VoiceGenie provides carrier-grade VoiceXML Gateways fully supporting VoiceXML 2.0 plus advanced call control extensions. The platform can be deployed on premises or hosted, available via a range of service providers. VoiceGenie supports both PSTN and SIP simultaneously, and 4 major ASRs (Speechworks, BBN, AT&T Watson and Nuance) and 7 TTS resources (including SpeechWorks, AT&T Natural Voices, Rhetorical, SVOX and others). VoiceGenie runs a popular developer site where applications can be deployed and tested for free. VoiceGenie also offers carrier-grade CCXML solutions as part of the VoiceGenie 7 product line. Available as a standalone platform or integrated with the VoiceGenie Media Platform, VoiceGenieCCXML implements the latest version of the CCXML specification, and interoperates with VoiceGenie's certified VoiceXML implementation and other standards-compliant solutions.

Voxeo Corporation offers the VoiceCenter™ IVR platform that fully supports the W3C VoiceXML 2.0 recommendation and the VoiceXML 2.1 working draft. Voxeo offers VoiceCenter IVR™ in both hosted and on premise configurations.

Voxpilot offers a free VoiceXML online development and deployment environment, with a multilanguage implementation of VoiceXML 2.0 including local access numbers in all major European markets, provided over a robust VoIP infrastructure.

Speech Recognition Grammar Specification (SRGS)

IBM's VoiceXML products incorporate many VBWG specifications, including SRGS 1.0.

Interact Incorporated's SPOT SIP Engine is a software platform that provides a "toolbox" for developers, integrators, VARs and hosted providers to create interactive voice applications integrated with VoIP telephony on a Linux platform.

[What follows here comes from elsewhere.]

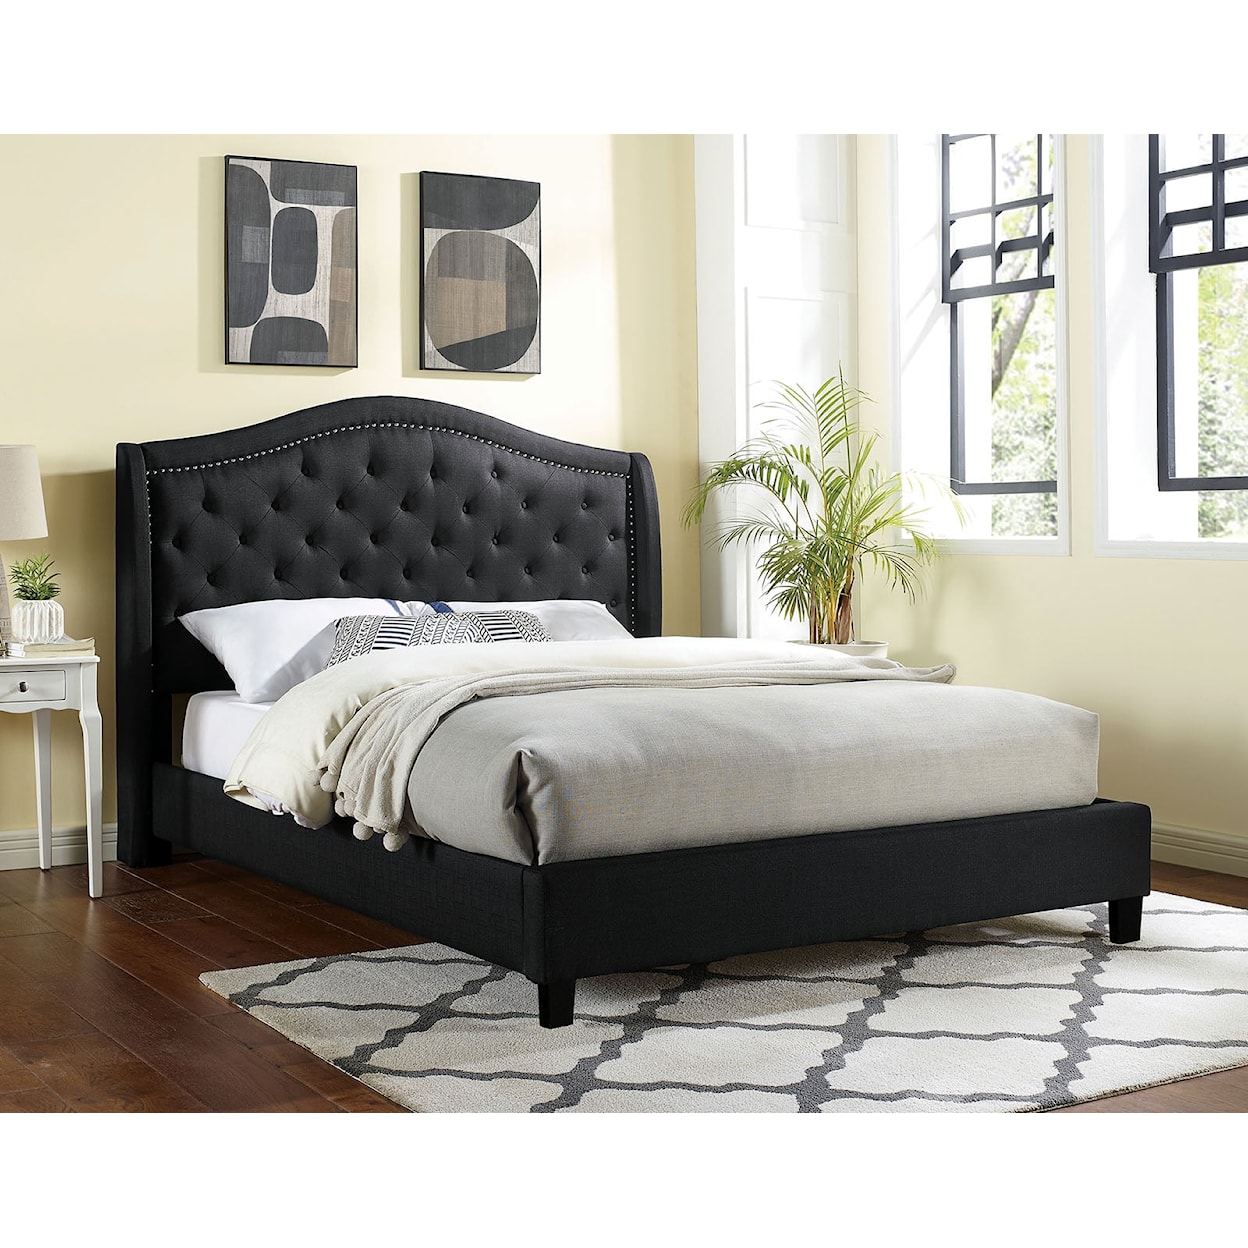 Furniture of America Carly Full Bed, Black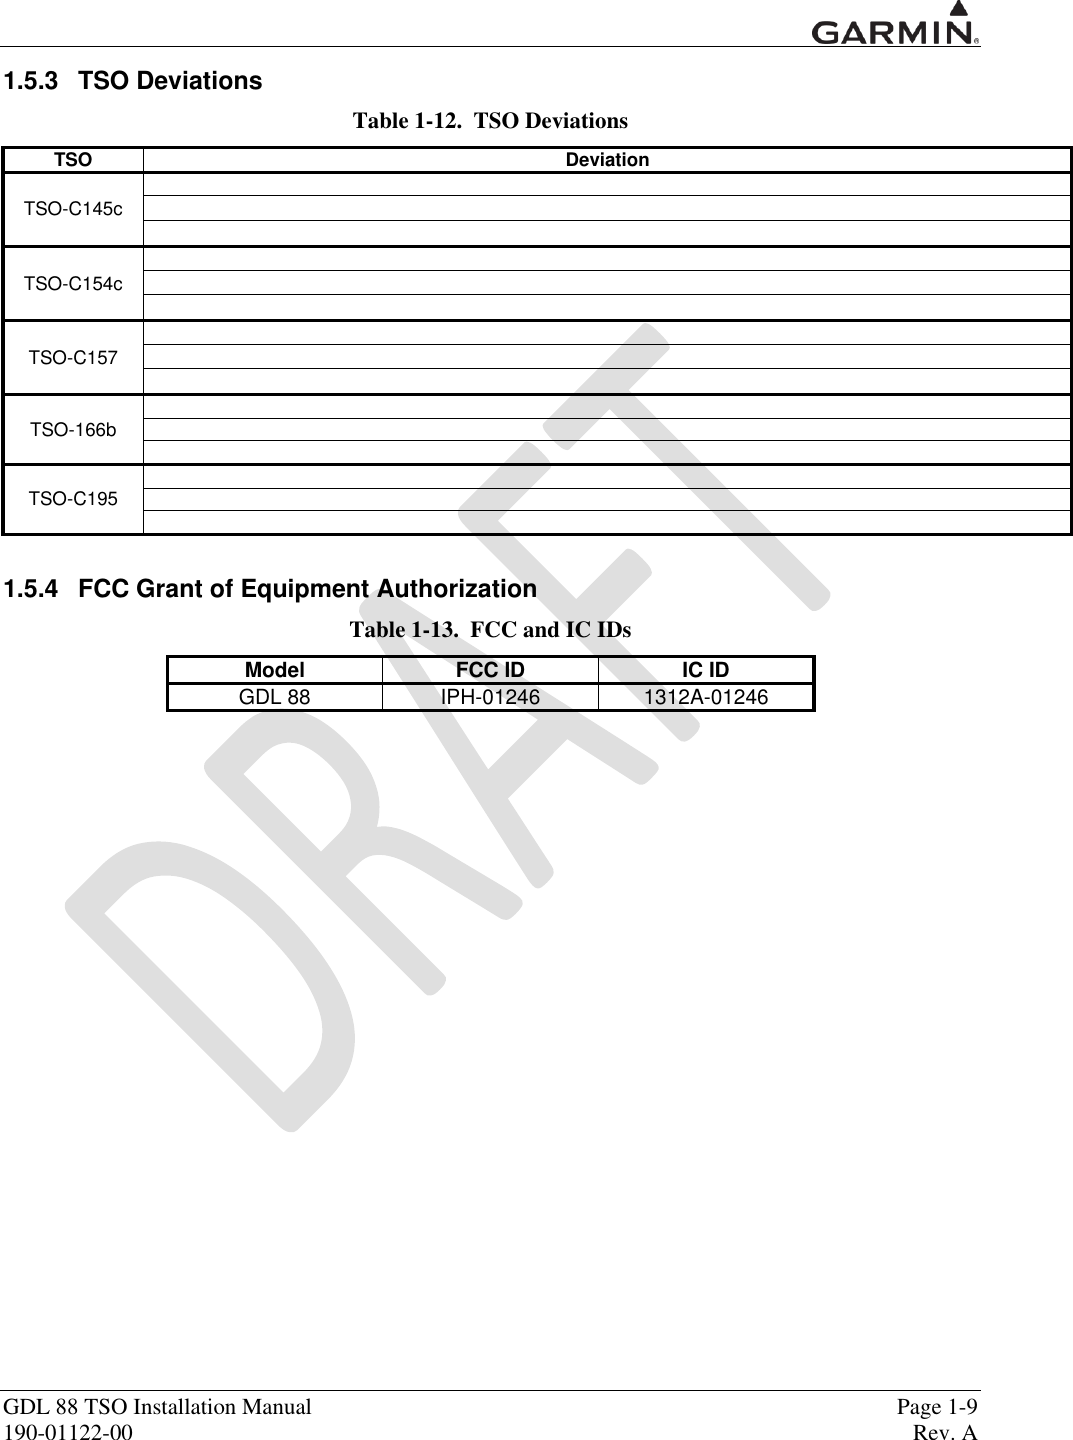  GDL 88 TSO Installation Manual    Page 1-9 190-01122-00  Rev. A  1.5.3  TSO Deviations Table 1-12.  TSO Deviations TSO Deviation TSO-C145c    TSO-C154c    TSO-C157    TSO-166b    TSO-C195     1.5.4  FCC Grant of Equipment Authorization Table 1-13.  FCC and IC IDs Model FCC ID IC ID GDL 88 IPH-01246 1312A-01246

The engine supports SRGS 1.0 to the extent required by conformance with the 2.0, 2.1 VoiceXML Recommendations for its VoiceXML Interpreter, implementation of DTMF grammars, and its integrated MRCP V2 stack for interfacing 3rd party ASR engines.

Both Loquendo ASR and Loquendo Speech Suite support SRGS 1.0 grammars (both XML and ABNF formats).

The Microsoft Speech Server supports the SRGS grammar XML format. The Microsoft Speech Application SDK is a suite of tools for authoring speech applications for voice-only telephony and multimodal applications, and contains a Grammar Editor for the building, editing and debugging of SRGS grammars. SRGS is also supported as the SALT grammar format in Microsoft's SALT add-in to Internet Explorer.

NuGram from Nu Echo is a complete solution for authoring, debugging, deploying, and maintaining speech recognition grammars based on W3C's Speech Recognition Grammar Specification (SRGS) 1.0 and Semantic Interpretation for Speech Recognition (SISR) 1.0. It comprises a full-featured development environment based on Eclipse and a Java-servlet based infrastructure to deploy dynamic grammars.

OptimSys' VoiceXML platform OptimTalk can work in various desktop configurations for in-house application development. For this purpose it includes a genuine SRGS implementation which is, among other things, able to interface with Microsoft Speech API 5.1 compliant speech recognition engines.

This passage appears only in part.